Tentu saja, kamu tidak perlu melakukannya sendirian. Tuhan akan memberimu kekuatan, asalkan kamu berdoa, membaca Alkitab, dan menyerahkan hidupmu kepada-Nya setiap hari. Yesus berkata kepada Nikodemus bahwa ia tidak dapat masuk ke dalam Kerajaan Surga “kecuali kamu dilahirkan kembali” (Yohanes 3:3). Terkadang ini adalah perjuangan, tetapi jika kita tidak putus asa, pada akhirnya Yesus akan membebaskan kita dari dunia ini.

Lebah Itu Luar Biasa, dan Kamu Juga!
Ini satu fakta menakjubkan terakhir: Otak lebah tidak lebih besar dari ujung jarum. Namun, meskipun otak mereka kecil, lebah memiliki masyarakat yang sangat kompleks, mereka berkomunikasi satu sama lain, dan mereka merancang serta membangun salah satu rumah terkuat di planet ini — sarang madu. Tidak hanya itu, mereka bekerja keras dan melayani satu sama lain dengan tekun.

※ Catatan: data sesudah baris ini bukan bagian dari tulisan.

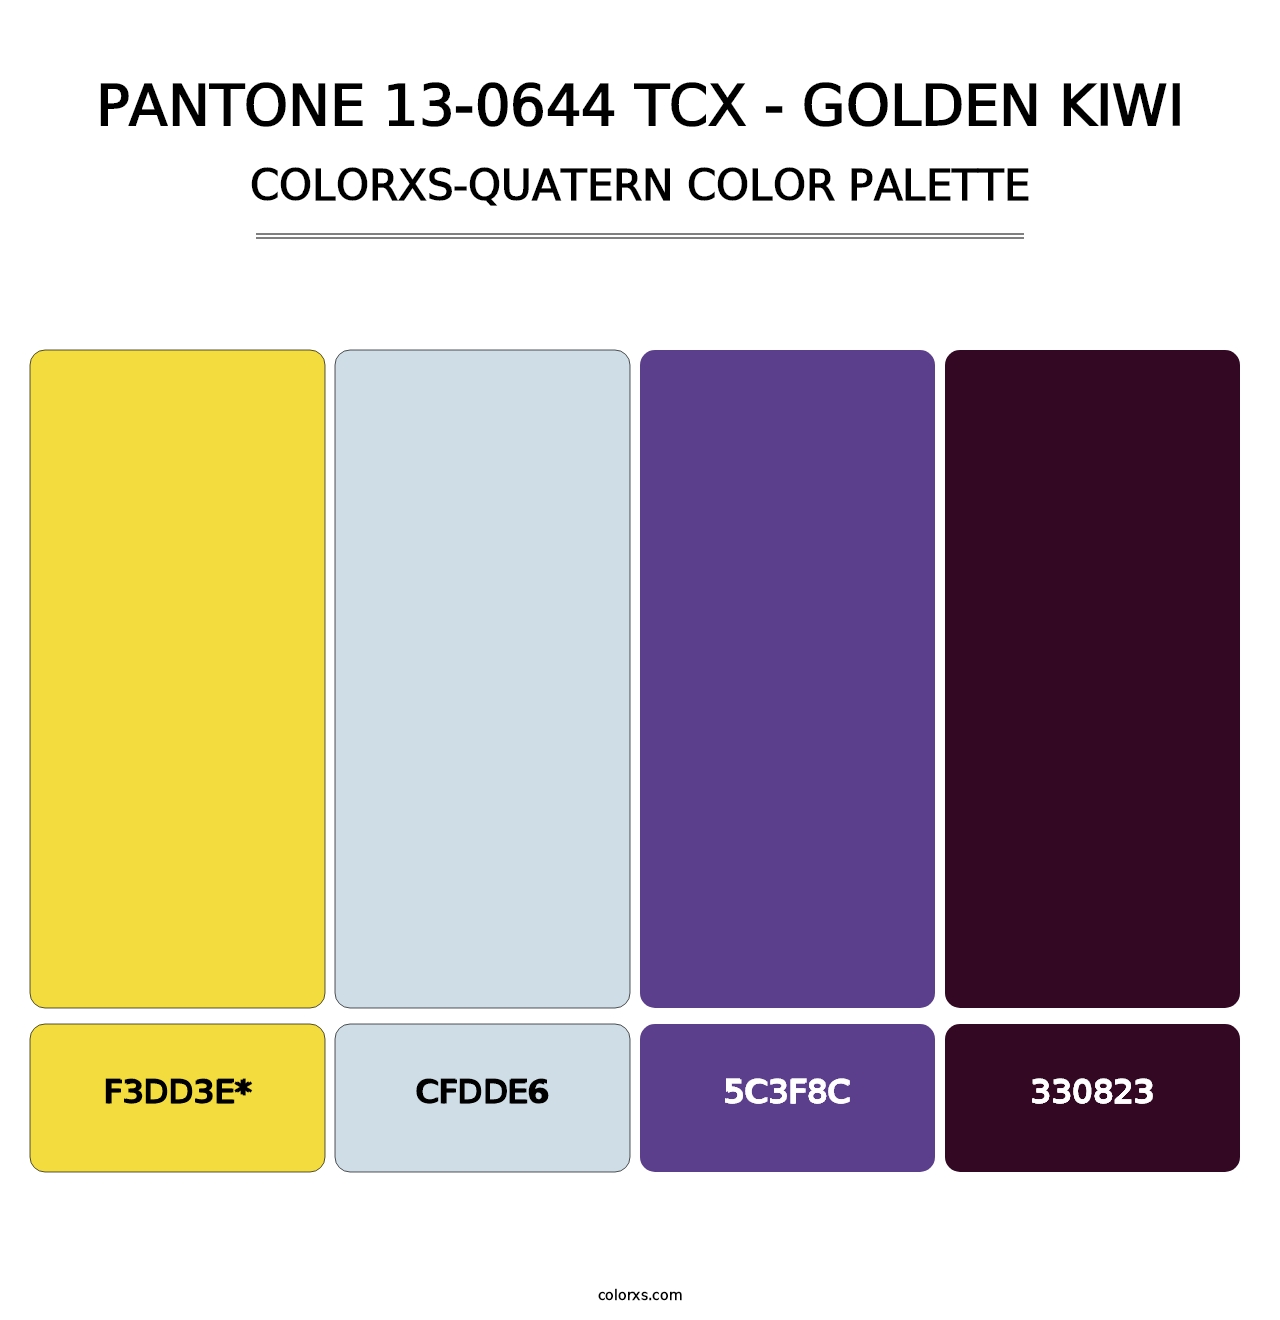 PANTONE 13-0644 TCX - Golden Kiwi - Colorxs Quatern Palette
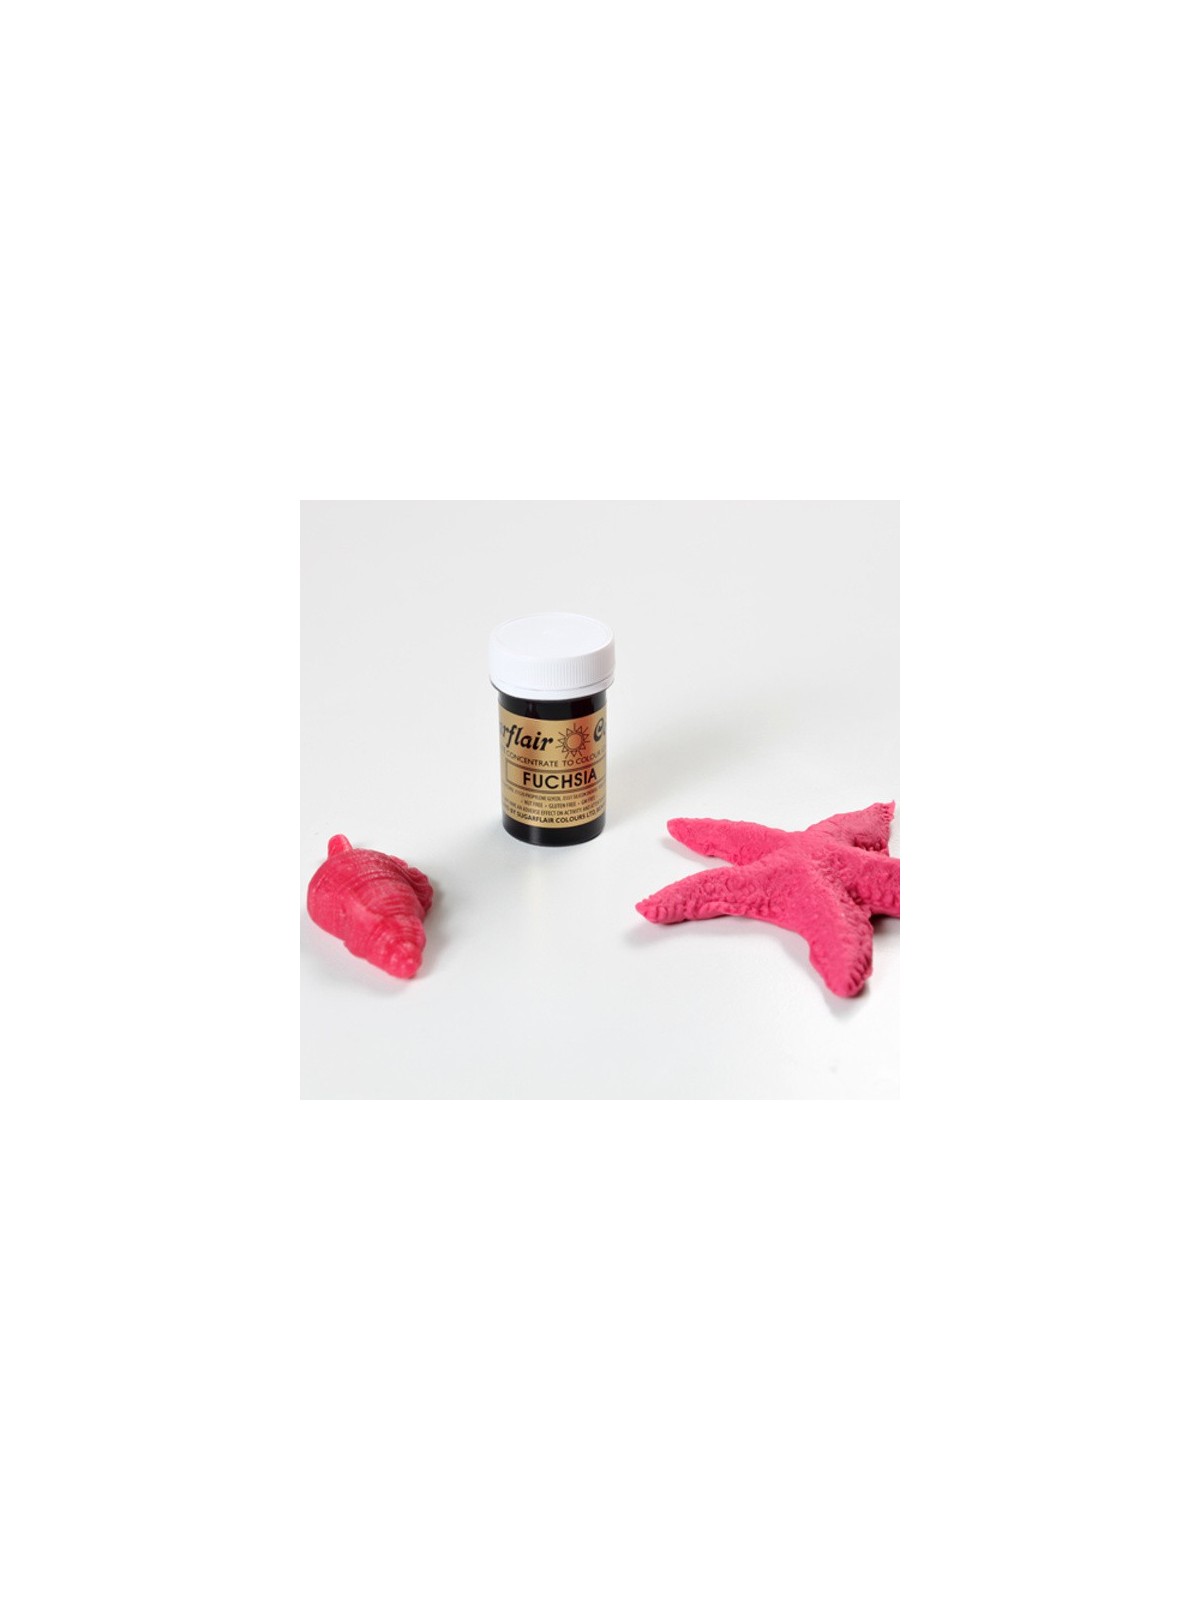 Sugarlair gelová farva - ružová - Fuchsie - 25g

Allah juga menjadikanmu bagian dari ciptaan-Nya yang istimewa. Otakmu ratusan kali lebih besar daripada otak lebah, dan itu berarti kamu dapat memberikan dampak yang jauh lebih besar pada duniamu — baik di sekolah, di gereja, maupun di rumah. Bayangkan, jika seperti lebah madu, kamu juga menjadi pekerja yang tekun, menghormati otoritas, bekerja keras untuk melayani orang lain, selalu rendah hati, suci, rela berkorban, dan optimis? Bayangkan hal-hal indah apa yang dapat Tuhan lakukan melalui dirimu!

Aku ingin bertanya padamu: Apakah Roh Kudus telah berbicara kepada hatimu saat kamu membaca ini? Apakah kamu ingin menjadi lebih seperti lebah madu dan menjadi orang yang lebih manis — seorang Kristen yang manis? Dengan begitu, kamu akan membuat hidup orang-orang di sekitarmu seindah madu.

Jika itu keinginanmu, aku harap kamu akan berdoa untuk memberitahu Tuhan. Kamu bisa berdoa, “Ya Tuhan, tolonglah aku untuk menjadi pekerja keras dan melayani orang lain seperti yang Yesus lakukan dan seperti yang lebah lakukan. Dalam nama Yesus, amin.” Jika kamu berdoa ini, Tuhan akan menolongmu!